* _What the exercise asks_:
For the data that follows, return each line unchanged and drop the pictures.

* _Given data_:
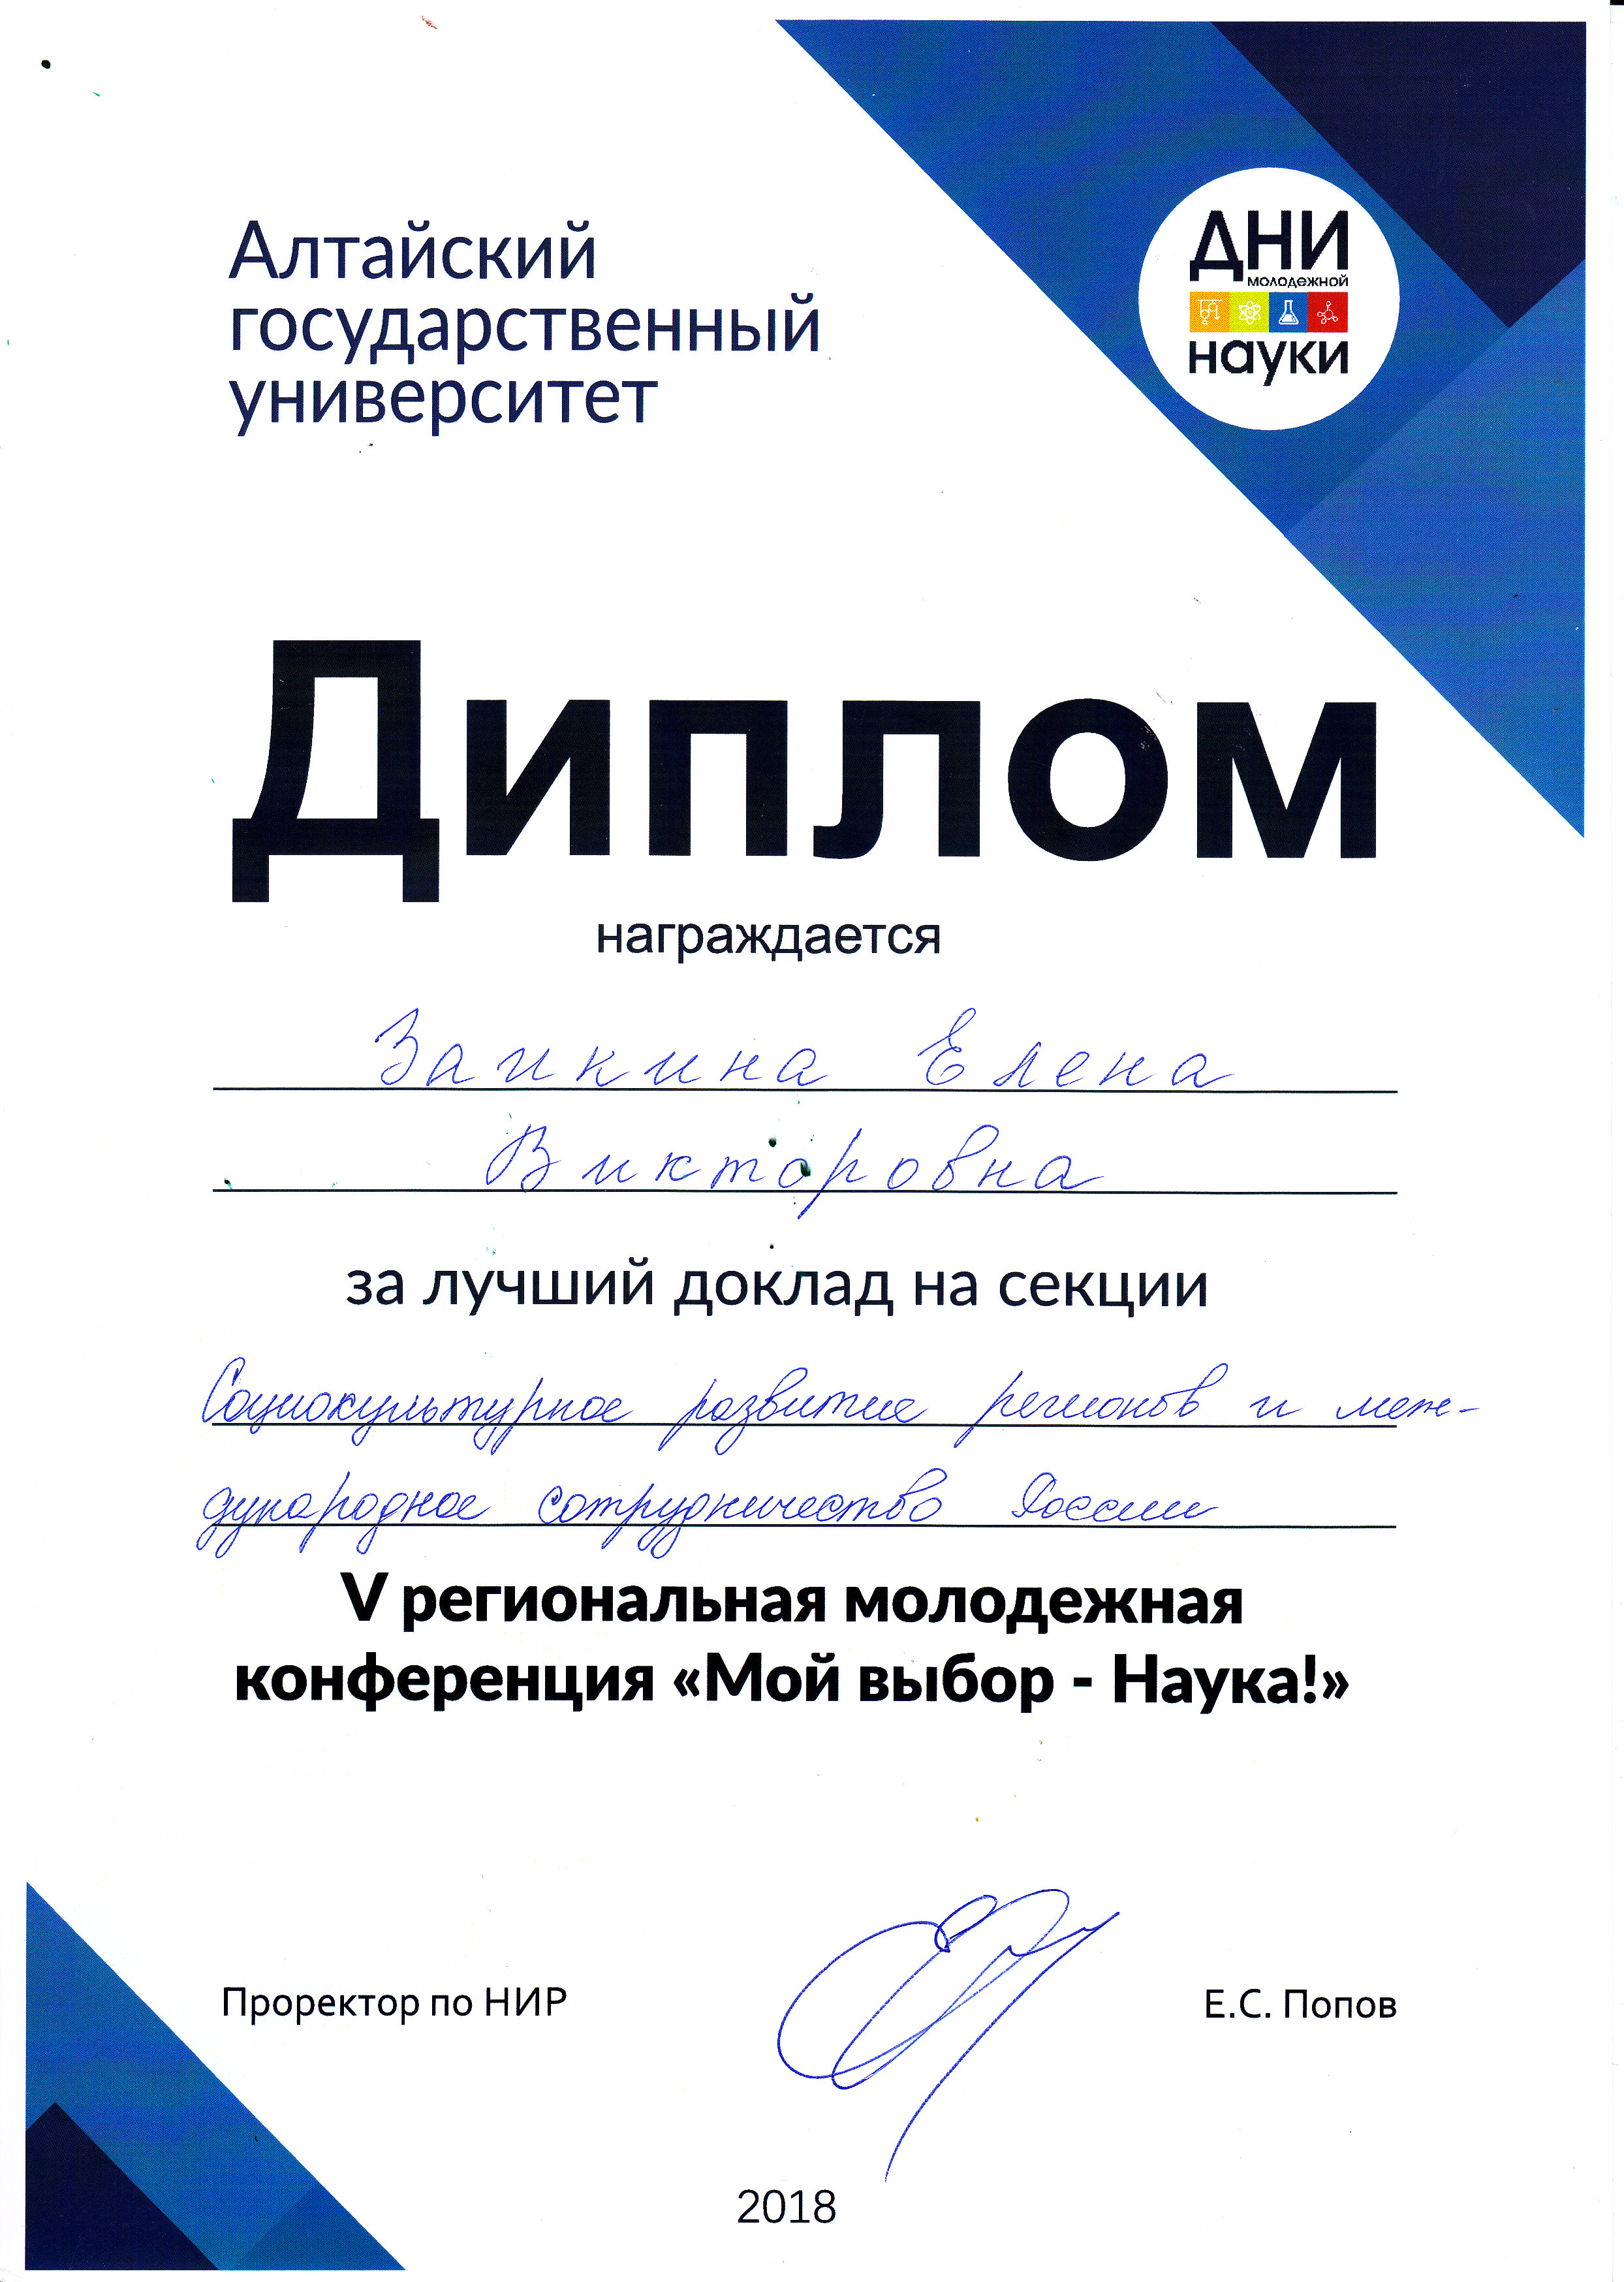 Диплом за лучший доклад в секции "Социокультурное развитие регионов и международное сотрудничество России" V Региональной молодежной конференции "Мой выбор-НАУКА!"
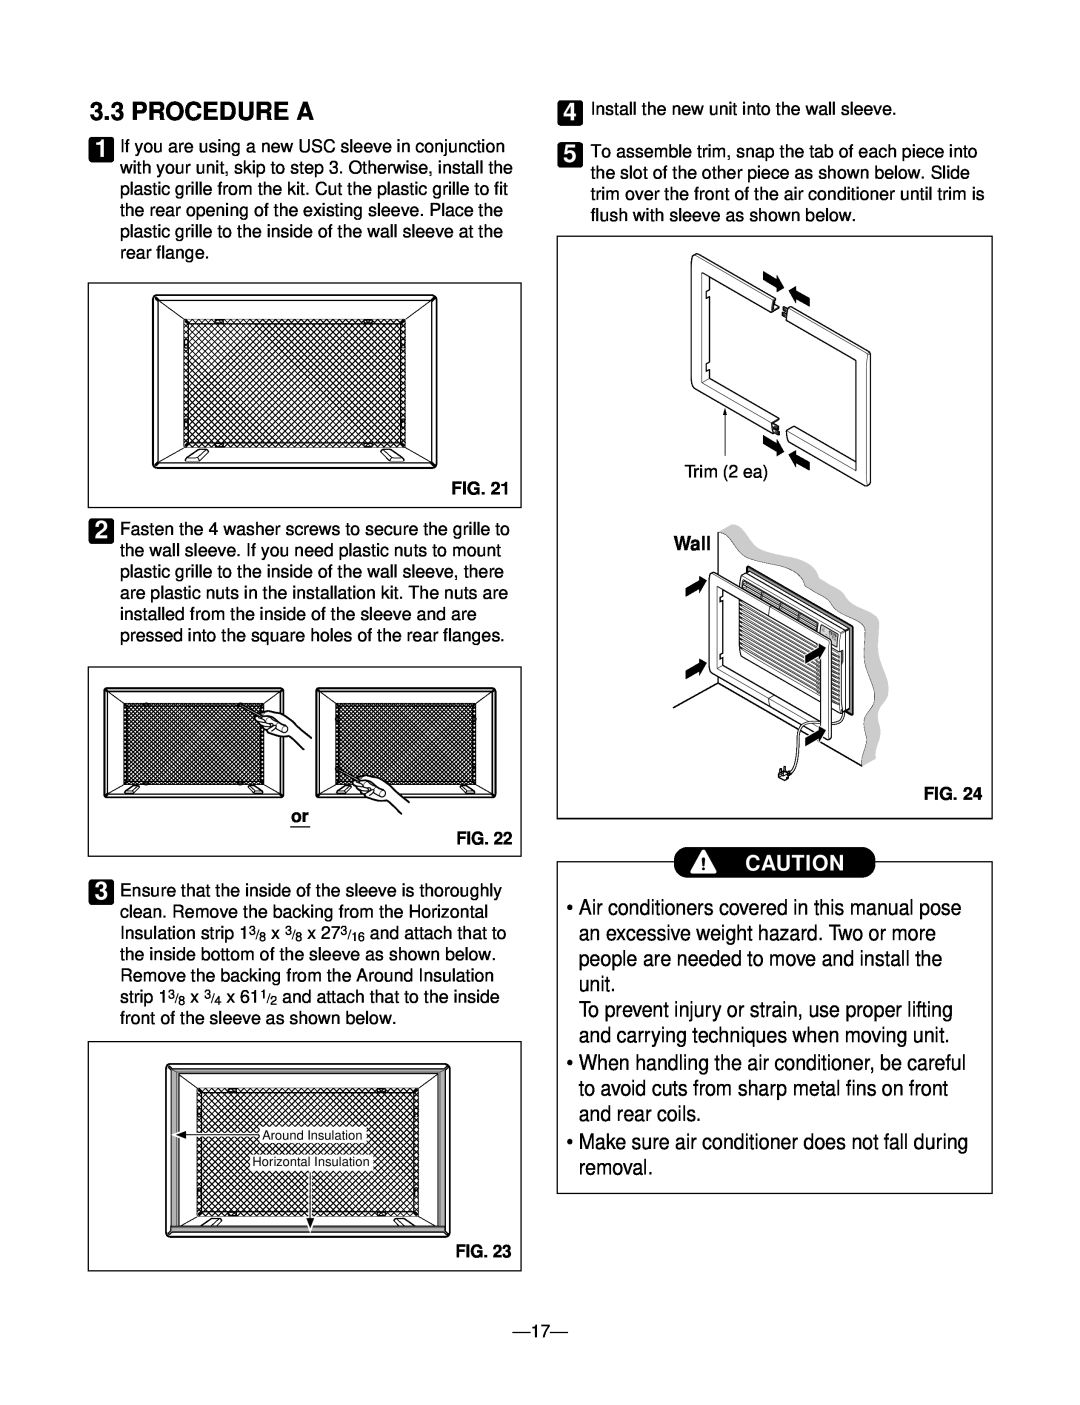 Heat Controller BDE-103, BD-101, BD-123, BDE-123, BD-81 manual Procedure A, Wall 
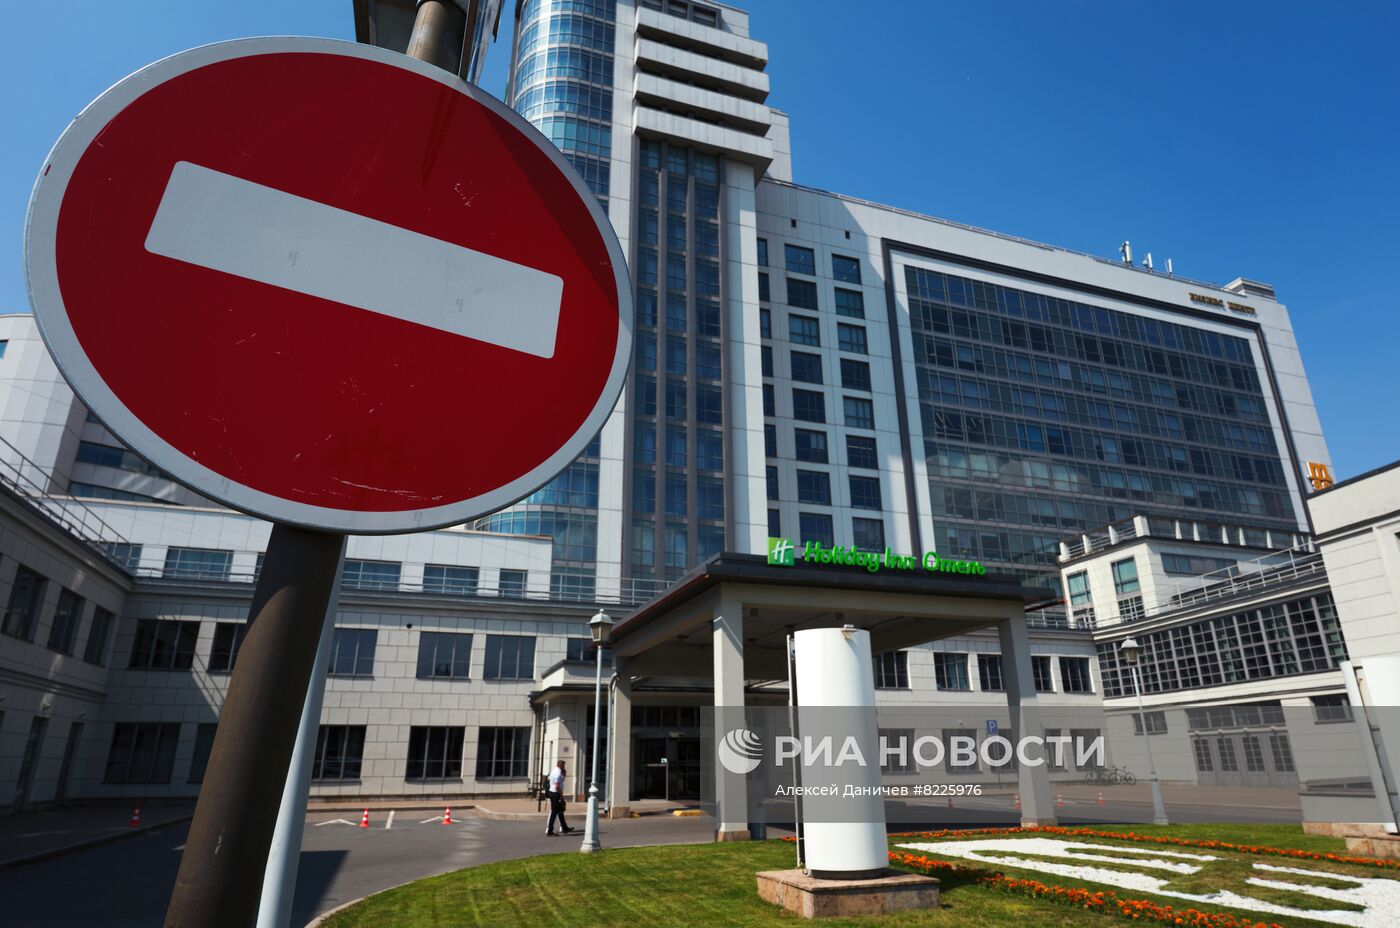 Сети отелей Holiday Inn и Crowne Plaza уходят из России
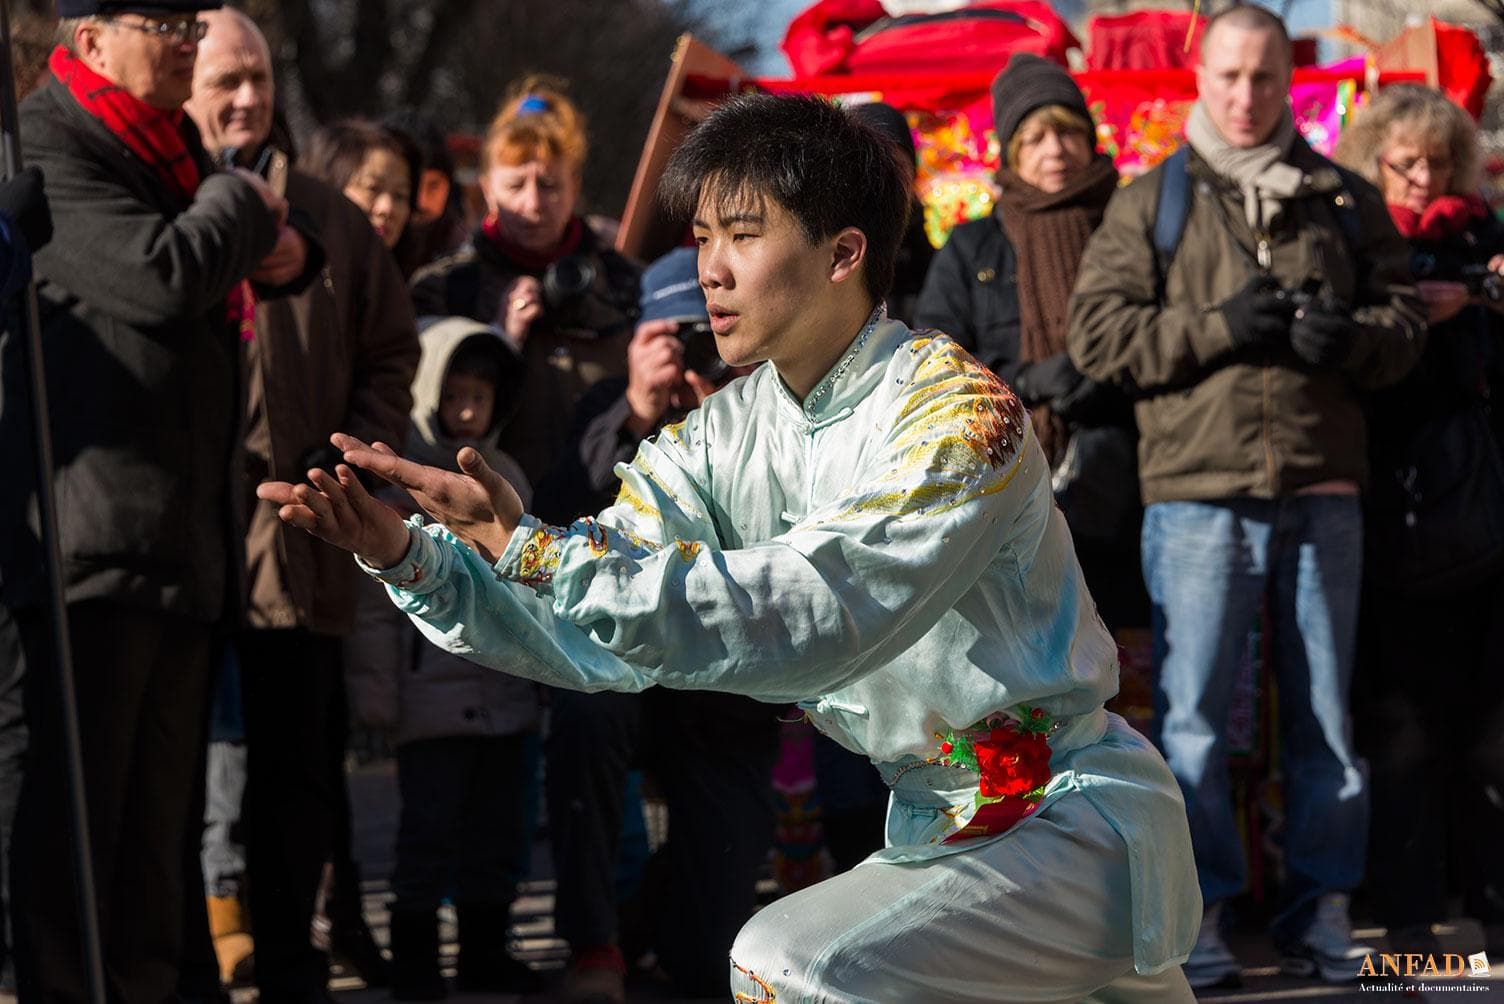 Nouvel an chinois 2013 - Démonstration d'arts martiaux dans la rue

* _Reply_:
 Диплом за лучший доклад в секции "Социокультурное развитие регионов и международное сотрудничество России" V Региональной молодежной конференции "Мой выбор-НАУКА!"
 Heat Controller BDE-103, BD-101, BD-123, BDE-123, BD-81 manual Procedure A, Wall 
 Сети отелей Holiday Inn и Crowne Plaza уходят из России
 Nouvel an chinois 2013 - Démonstration d'arts martiaux dans la rue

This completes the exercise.